Noncoding DNA explains a majority of the heritability of dairy cattle traits, like milk production and fertility

"We suspect that our large sample size is one of the major reasons why we see that mutations affecting gene expression and RNA splicing are playing a major role in shaping traits," says computational scientist and first author Ruidong Xiang (@RXiang5) of the University of Melbourne, Agriculture Victoria, and the Baker Heart and Diabetes Institute. "Biomedical science is heavily invested in human genomics, so I think it's a good thing to show that similar and valuable work is happening in other species as well."

Most of our genome is made up of "noncoding" DNA that does not code for protein, but the exact function of these noncoding regions remains something of a mystery. Because many genes in these noncoding regions are associated with specific traits like body size or hair color, scientists have long suspected that these genes contribute to an individual's physical features or "phenotype" by regulating how other genes are used. However, up until now, there has been limited evidence to support a large role for regulatory genes in determining traits. For example, a recent human study estimated that only 11% of trait heritability is attributable to regulatory genes that alter gene expression.

"This creates a paradox called 'missing regulation'," says Xiang. "We decided to look at this problem to see how much variation in cattle traits can be explained by mutations changing gene expression or RNA splicing."

To do this, the team first used the Cattle Genotype-Tissue Expression (CattleGTEx) atlas to build a model of regulatory genes including both gene expression and RNA splicing genes. Then, they used their model to quantify how mutations in these regulatory genes impacted the heritability of traits in a separate dataset comprised of more than 120,000 dairy cattle genomes. Altogether, they examined 37 traits related to milk production, mastitis, fertility, temperament, and body size.

The researchers found that regulatory genes were responsible for 69% of trait heritability, as an average across 37 analyzed traits. "We were surprised, but we performed several validation tests, and the results were consistent, so we began to be convinced that this is the answer, at least in cattle," says Xiang.

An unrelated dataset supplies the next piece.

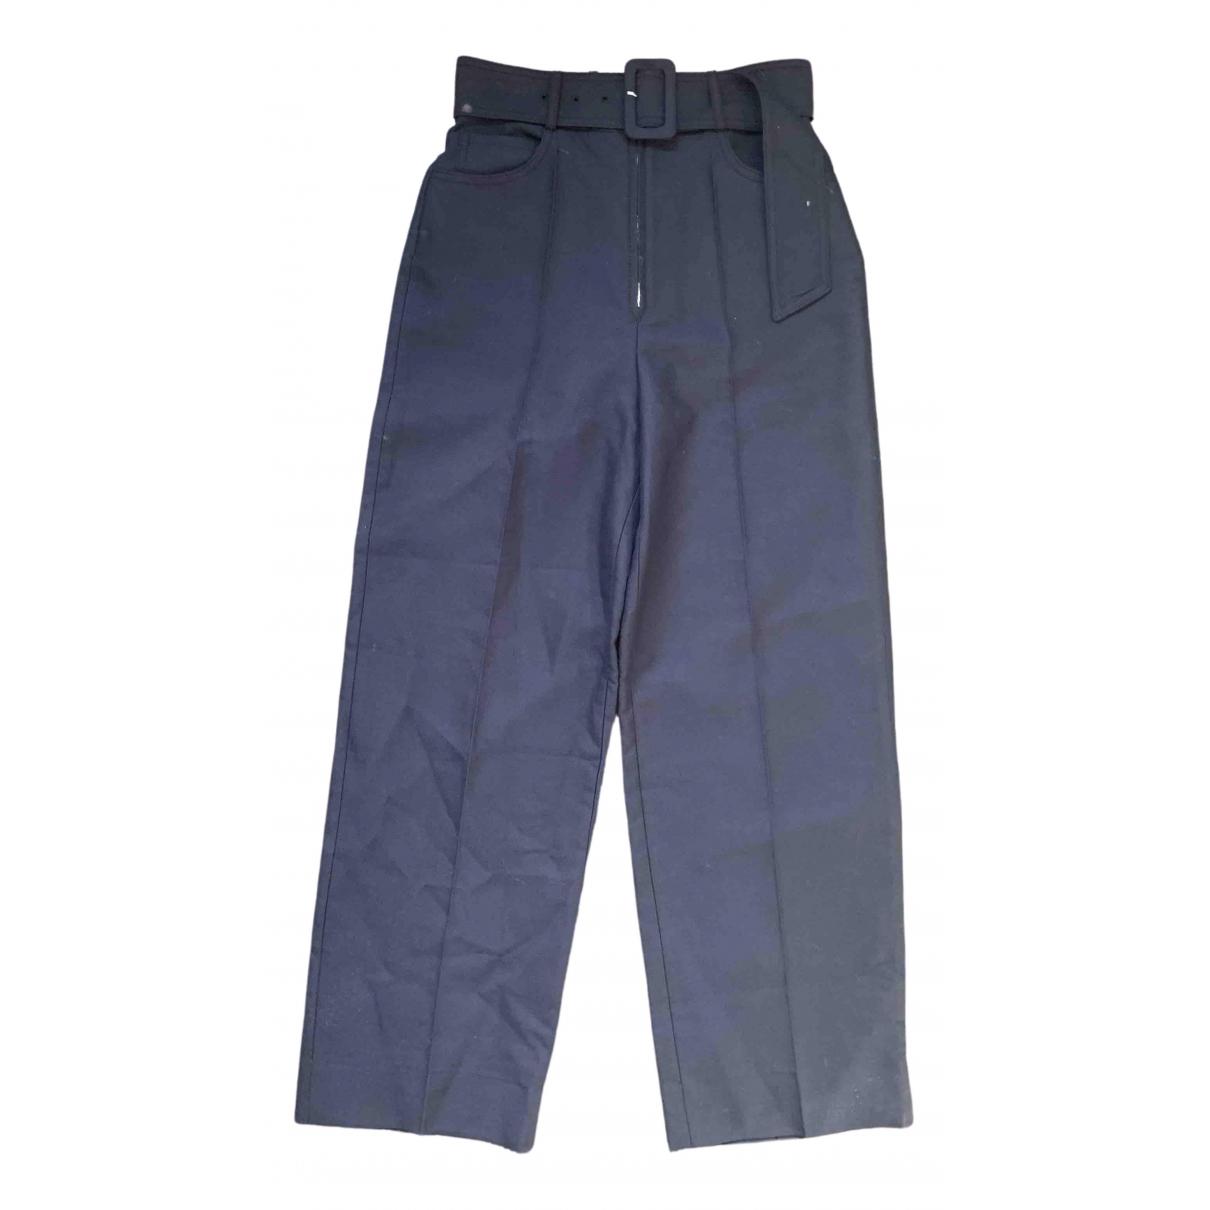 Sandro Spring Summer 2019 Blue Cotton Trousers for Women 36 FR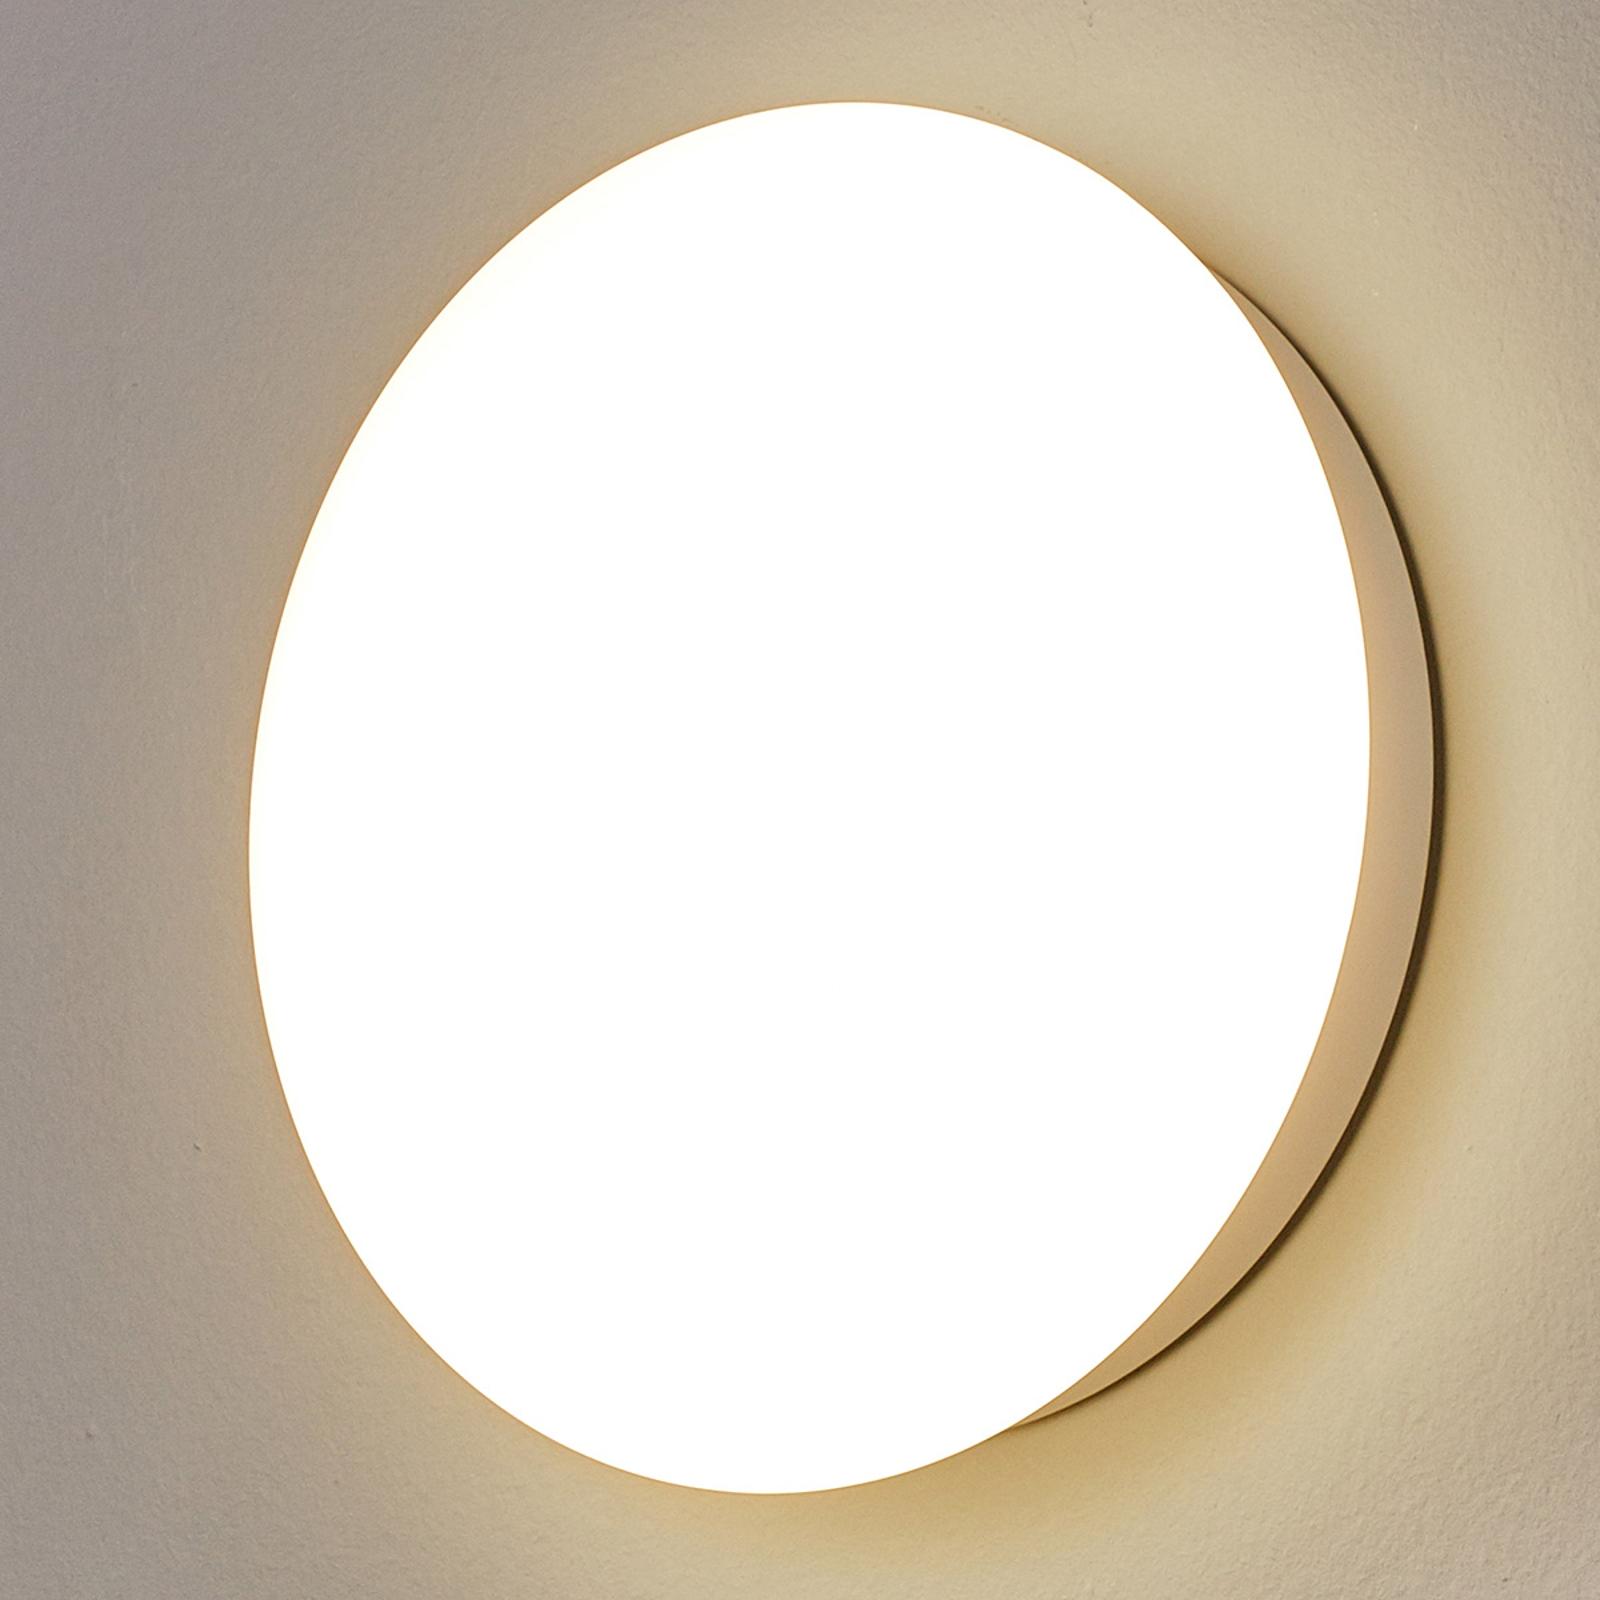 SUN 12 LED-væglampe IP55 8 W 3000 K varm hvid

Unlike most prior studies that only examined variants of gene expression, this study simultaneously examined both gene expression and RNA splicing genes. They also examined both cis and trans variants -- mutations that are located close or far away, respectively, from the coding region that they impact. Most other studies have focused only on the effects of nearby cis mutations, but the researchers say that including trans mutations in the analysis provided another boost to their analysis' power that probably contributed to this study's surprising result.

"Trans effects still haven't been well studied, but we showed that these distant regulatory genes also play an important part in shaping mammalian traits -- it appears to be less important than cis effects, but it is important," says Xiang.

These findings could be a boon to farmers looking to selectively breed certain cattle traits. "By mapping genetic variants related to gene expression and RNA splicing, we can map the majority of the heritability of traits," says Xiang. "Therefore, basic knowledge of the mechanisms behind mutations can be used to enhance applications such as breeding in agriculture."

Beyond agriculture, this study helps by providing a model system for future studies in humans and other animals. "The next step is to use this information to try and generate better predictive models for different traits," says Xiang. "Our methods could also be used as a model for other species."